**REQUIRED ACTION:**
This task asks for the lines from the one with "Panasonic ET-MD77NT ET-MD77SD1, SD-SDI" to the final line below, repeated exactly, with pictures omitted.

**EXERCISE DATA:**
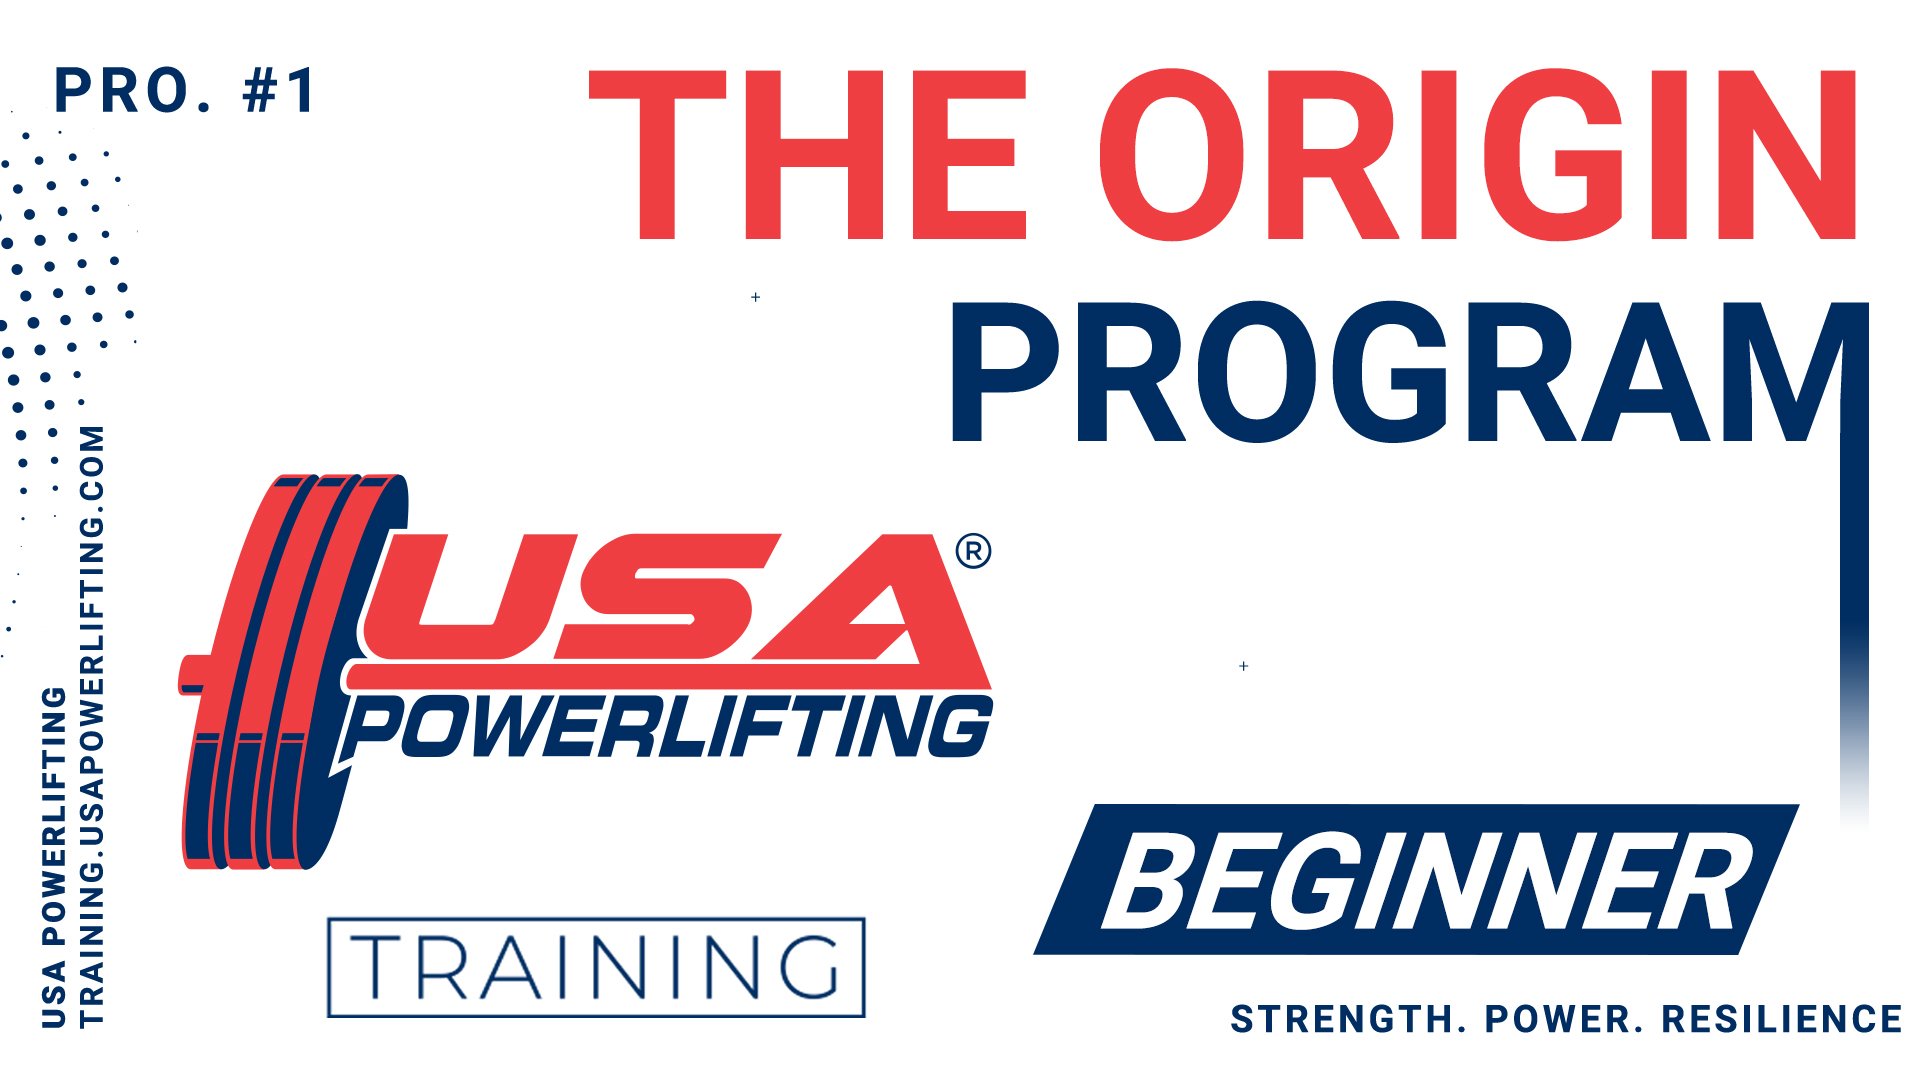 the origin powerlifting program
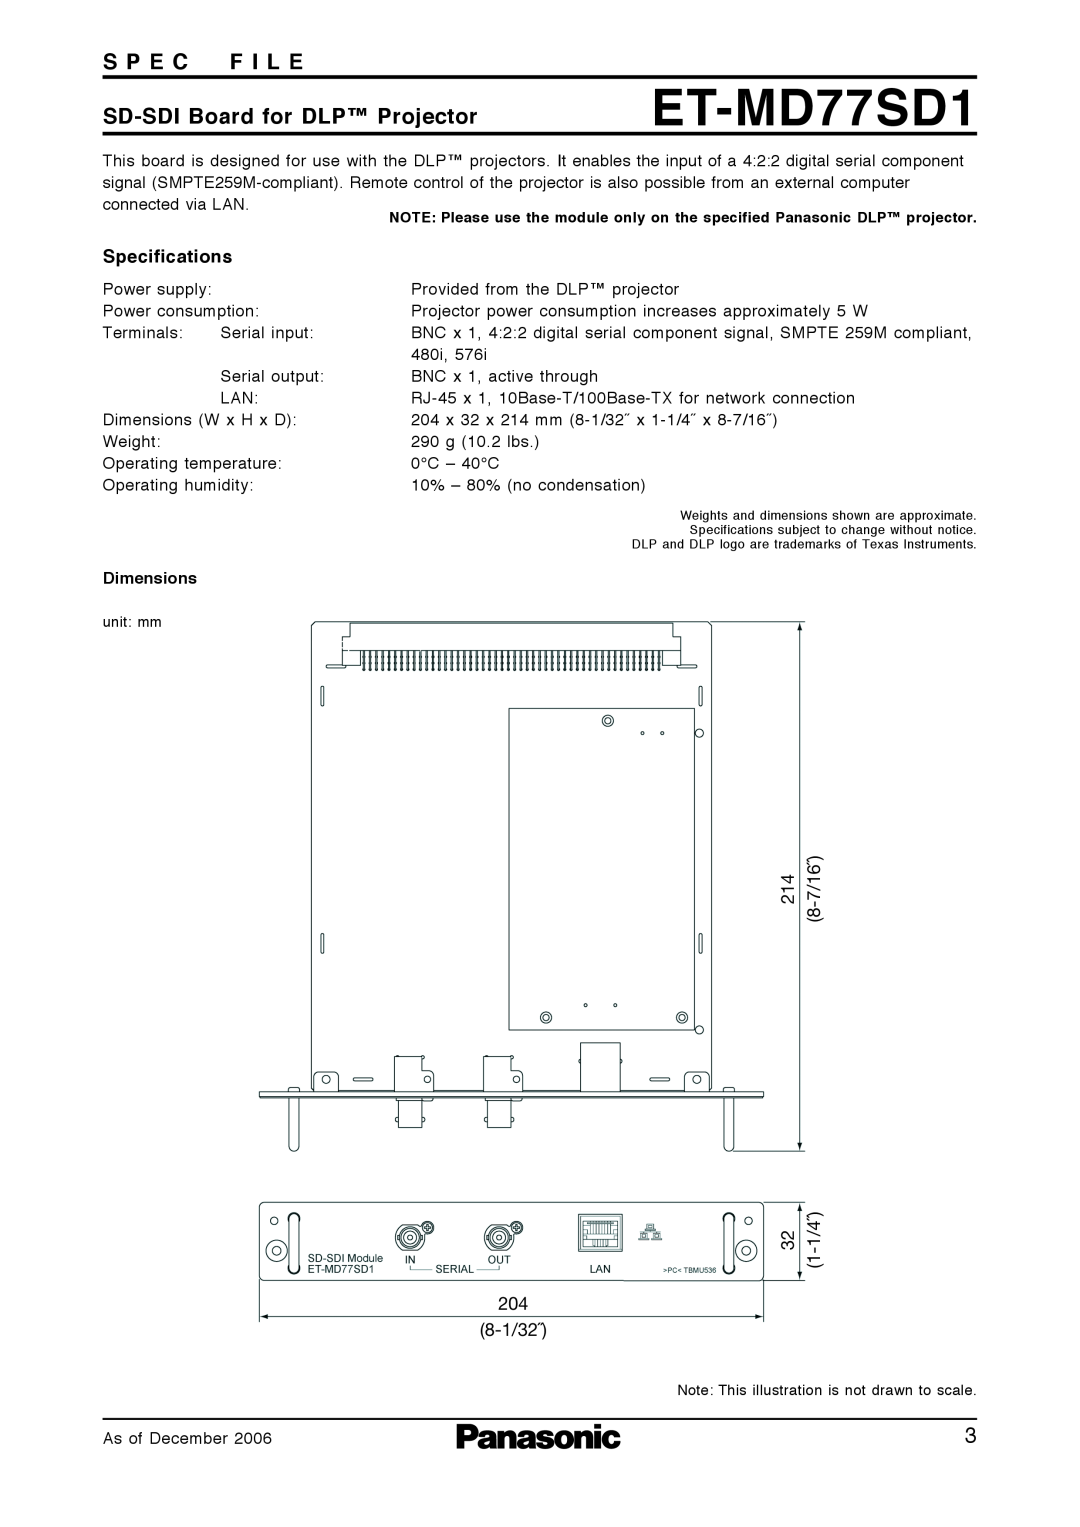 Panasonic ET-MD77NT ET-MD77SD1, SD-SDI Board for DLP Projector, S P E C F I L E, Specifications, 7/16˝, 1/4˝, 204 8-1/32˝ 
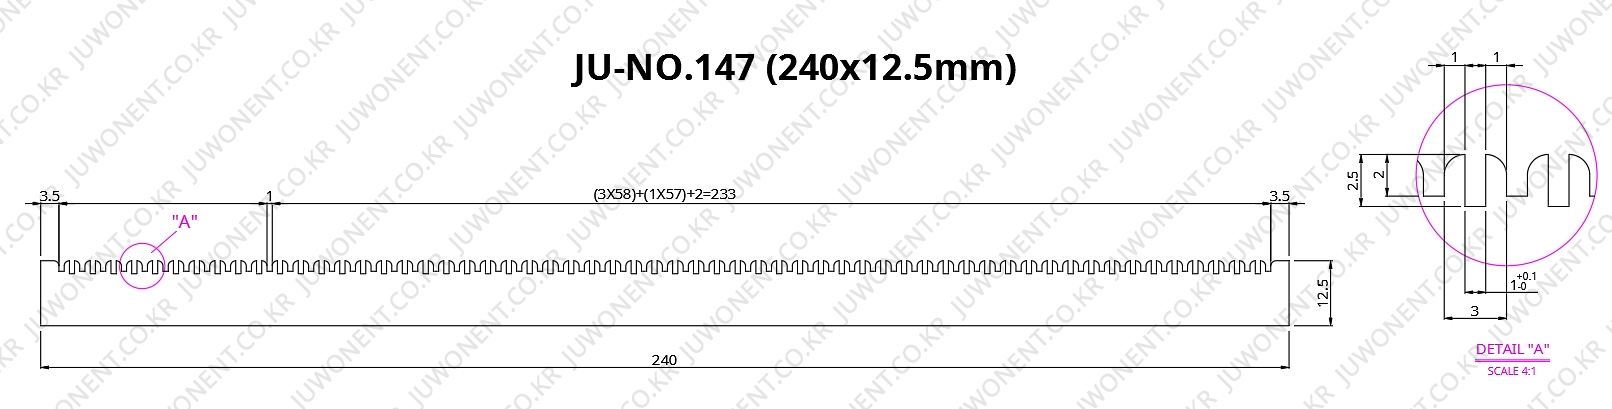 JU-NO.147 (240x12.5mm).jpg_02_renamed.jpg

**OUTPUT FOR THIS EXERCISE:**
 Panasonic ET-MD77NT ET-MD77SD1, SD-SDI Board for DLP Projector, S P E C F I L E, Specifications, 7/16˝, 1/4˝, 204 8-1/32˝ 
 JU-NO.147 (240x12.5mm).jpg_02_renamed.jpg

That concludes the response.